I told him I am a very senior person, alone with family far away, and asked if they could put a new one in soon because snow and cold were predicted for Saturday, Jan. 9, and Sunday, Jan. 10. He made a call and was told they could do nothing before Monday or Tuesday, and suggested I stay somewhere else over the weekend. He left!
This was about 6 p.m. Friday evening. I was afraid my pipes would freeze, so I let many of my spigots dripping and, feeling upset and cold, I bundled up under covers and quilts and spent a very uncomfortable Friday night.
Very early Saturday morning, I told a friend about my situation. He said he would get me some help; he called Top Notch Heating & Air Conditioning. I spoke with a very understanding person, and he told me to expect him to be here and take care of getting me warm.
He arrived in about 35 minutes. With him, he brought heaters to warm a few rooms while he measured everything, told me all the details and left to get a new furnace. In an hour or two, a new furnace arrived, with three great guys who took over immediately, and I had a warm house by Saturday, Jan. 9, in the afternoon.
Thank you, Top Notch Heating and Air Conditioning. You really are “Top Notch”!
Ocean Farms resident discusses roadway
The roadway improvement program for Ocean Farms is starting out on the wrong foot.
The indication that a “vote” was taken to choose between a 10- or 15-year payback is misleading. The meeting held was presented to the homeowners as an “informational” meeting so that we could hear about the options that might be available through the Sussex County Engineering Department for road repair.
Options were presented and, after that, the County asked for a vote on the 10- or 15-year payback issue. County regulations allow their issues to be resolved by a “majority of those voting” – one vote over 50 percent.
The 10-year payback received the one vote over 50 percent of those present. However, the Ocean Farms Homeowners Association bylaws require a quorum of homeowners be present for voting on issues impacting the development. There was no quorum present for the vote.
I do not believe county rules on voting can circumvent filed association bylaws and regulations; therefore, the 10-year selection is invalid.
I advised the president of our association of that at the time of the meeting and later in an e-mail, and asked him to advise the county of the issue. If a selection of 10- or 15-year payback is needed, a meeting of the homeowners association needs to be scheduled, then a quorum must be present to vote before the issue can move forward with the County.

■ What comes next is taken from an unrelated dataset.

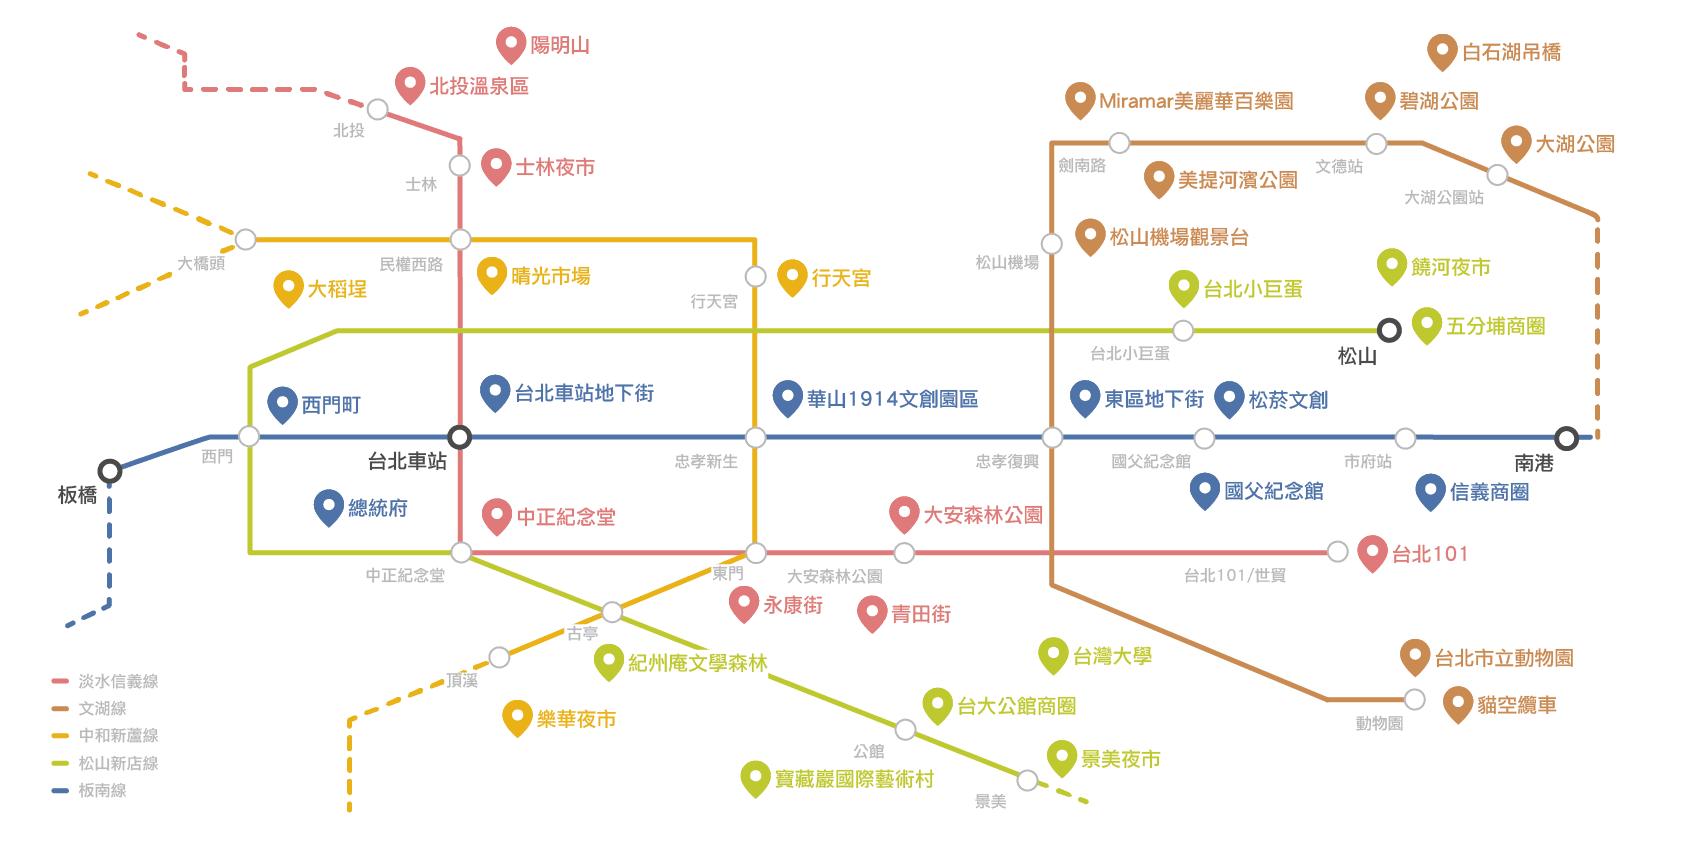 台北景點-旅遊地圖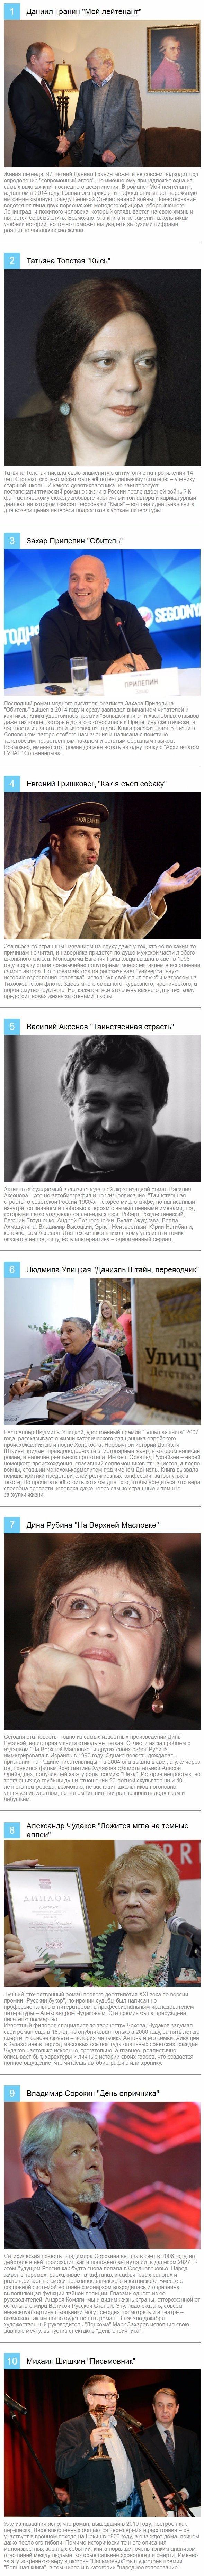 pravda-tv_2016-12-10_11-29-26

The reality here is that this issue is trying to be initiated by a few within the homeowners association and that they are trying to circumvent the rules of the association by using County rules as the standards. This is not fair to the County or the homeowners.
Mayor thankful for local hospitality
I would like to extend my sincerest thanks to Richard and Susan Bloch for their generosity in hosting a live show at the Dickens’s Parlour Theatre for the Millville Volunteer Group. It certainly was a night of magic, followed by desserts and beverages. It is rare that a small town like Millville can enjoy a live professional theater to add to the uniqueness of our town. Best wishes to Rich and Susan and the Dickens’s Parlour Theatre.